Careful! This post is looking a little old and could be inaccurate in many, many ways

Over the past few months blogs have accounted for an increasing percentage of my workload with many clients requiring a blog as well as their main site. In most cases we would provide a simple wordpress blog located on a sub-domain and add in any extra plug-ins necessary, keeping the workload to a minimum.

Sometimes to make a plug-in or a design work requires a bit of digging around WordPress’ own code. At times I have needed to check a WordPress functions output, usually to determine if there is any output. With this I can then show any code that is necessary only when the function returns a value. It is while doing this that I have come across a problem.

It seems with most WordPress functions you can not check if it returns a value, instead the function just outputs it’s value (if it has one) and ignores any code of mine. This is because most functions use echo rather than return. For those not too sure of the difference:

Echo: An echo will output a value directly to the screen when the browser executes the code.

Return: The return stores a value as an output of the function to be output to the screen elsewhere in the code.

With the return you are able to do more with a function as you can store it to a variable, interrogate the value of the function or echo the function. You can also directly output the function using <?=the_function();?> saving the need to use an echo.
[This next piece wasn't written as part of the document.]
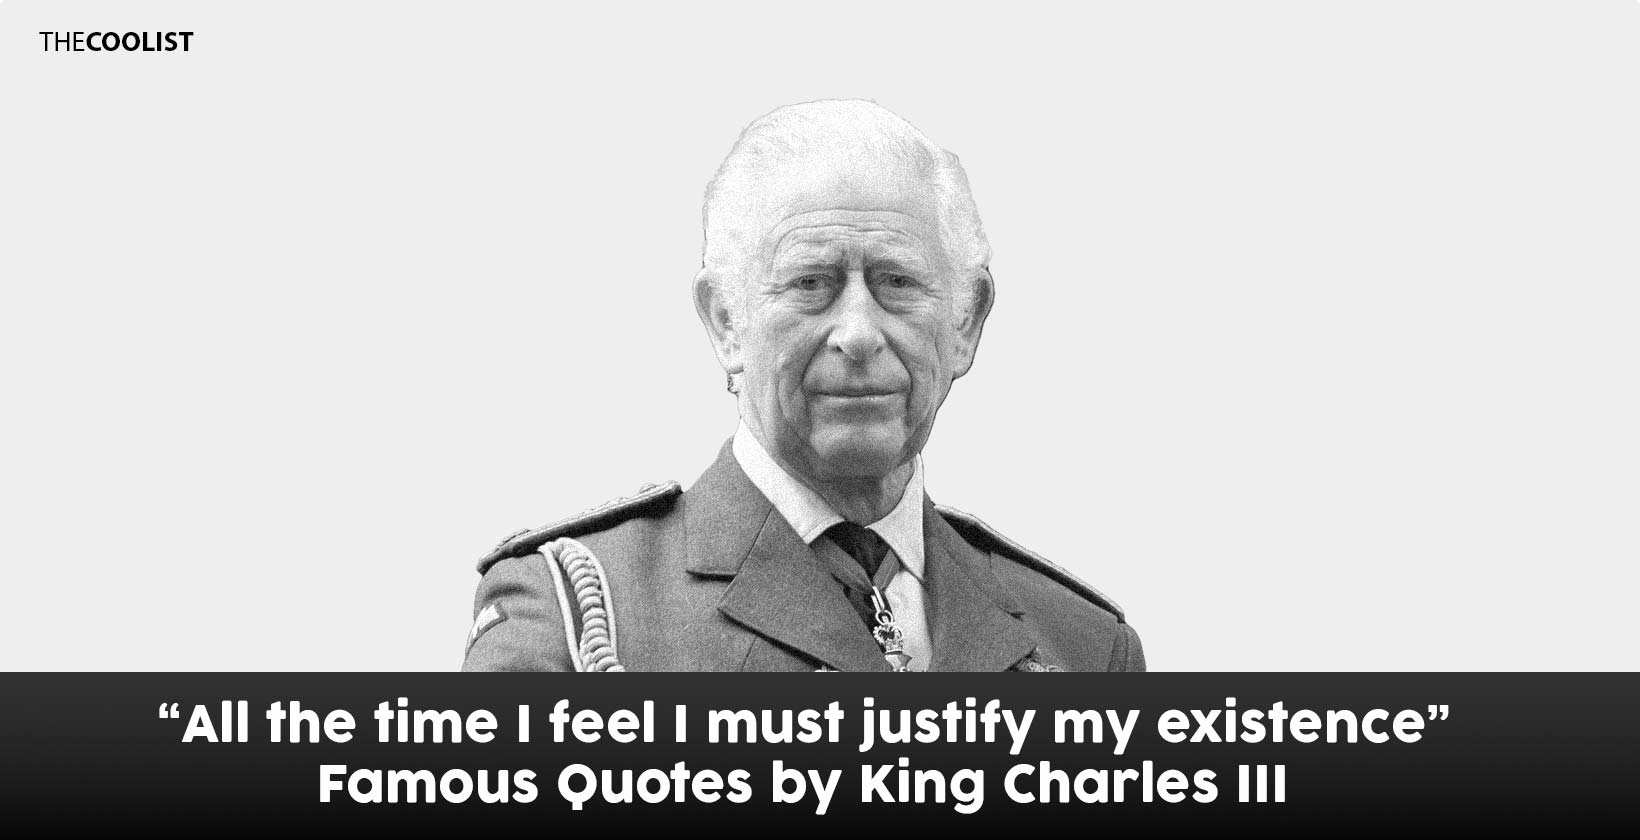 50 Famous Quotes by King Charles: Heartfelt Words from the New Monarch

Luckily WordPress is open source so you can change this if you wish but navigating through WordPress’ maze of functions can be quite daunting and making changes can be tricky for most. Even if you are brave enough to edit the WordPress code you must ensure that you keep track of any code you change as upon upgrading wordpress your changes will be lost.

So the question I have is why do the WordPress team feel that echo is a better way of returning a function when it appears so constrictive and so in my novice view has no benefits over using return?